Выдался теплый, ясный день поздней осени. В большом парке под солнечными лучами ярко сверкали золотистые листья, распевали запоздалые птички, кое-где красовались последние цветы. Парк еще более одичал и заглох после осенних бурь и листопада: вся земля была покрыта как ковром, листьями; валежник не убирался и гнил; огромные деревья лежали на земле, как сраженные великаны; беседки совсем разрушились, обвалились; пруды еще более заросли травой и тиной. В самой глухой части парка, недалеко от розовой беседки, по заглохшей дорожке пробирался Иван Денисович. Он был одет в короткой охотничьей куртке с зелеными отворотами, в круглой шапке с пером и в высоких сапогах. Он шел, пугливо озираясь, что-то придерживая в кармане куртки, и вдруг на повороте в темную густо-сросшуюся ветвями еловую аллею лицом к лицу столкнулся с Осипом. Оба они смутились, испугались, отшатнулись друг от друга, посмотрели один на другого пытливо, недоверчиво.
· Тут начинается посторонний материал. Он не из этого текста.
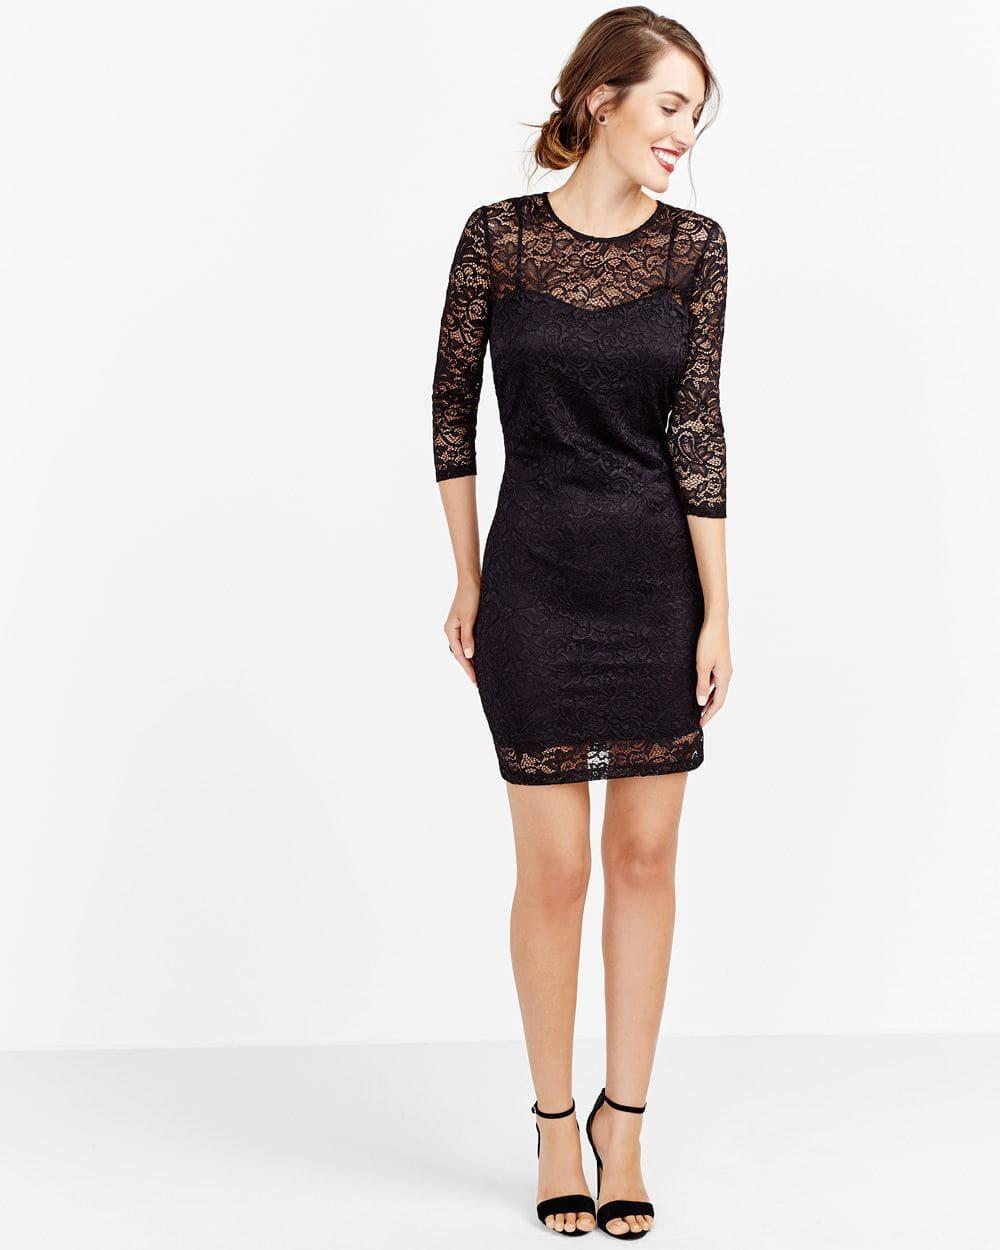 Lace Bodycon Dress

— Гуляешь по парку, Осип Ильич? насмешливо спросил барин. — Нет, барин, не гуляю... Ищу барышнину Амишку... Куда-то забежала... - Нашел место искать! Разве собачонка в такую глушь побежит? - А вы-то, батюшка-барин, зачем сюда пожаловали? удивленно спросил Осип. — Охочусь... отрывисто ответил хозяин. — Охотитесь? переспросил слуга недоумевая. — За какой же дичью? — За перепелами, раздраженно ответил Иван Денисыч. — Не слыхивал отродясь, чтобы у нас в парке перепела водились. Это вас, барин, обманули... — Ты, Ильич, всегда слышишь то, что не следует, а под носом ничего не знаешь, сердито возразил Иван Денисович. - Конечно, может, и налетели... Я стар, запамятовал... Что ж, охотьтесь себе... Ни пуха, ни пера... Так всегда говорят охотнику, чтоб было прибыльно. На мгновение наступило тягостное молчание. Затем оба встретившиеся разошлись в разные стороны. Пройдя несколько шагов, они, точно по команде, разом остановились, обернулись и пристально посмотрели друг на друга; на лице старика выражалось недоумение, а на лице барина— страх; они как будто хотели что-то сказать, что-то спросить, но, раздумав, снова разошлись. Отойдя несколько шагов, они опять обернулись, опять остановились в нерешительности и снова пошли... Когда они были уже довольно далеко друг от друга, они, повернувшись, долго выглядывали из-за деревьев, наблюдая один за другим и стараясь скрыть друг от друга такое выслеживание.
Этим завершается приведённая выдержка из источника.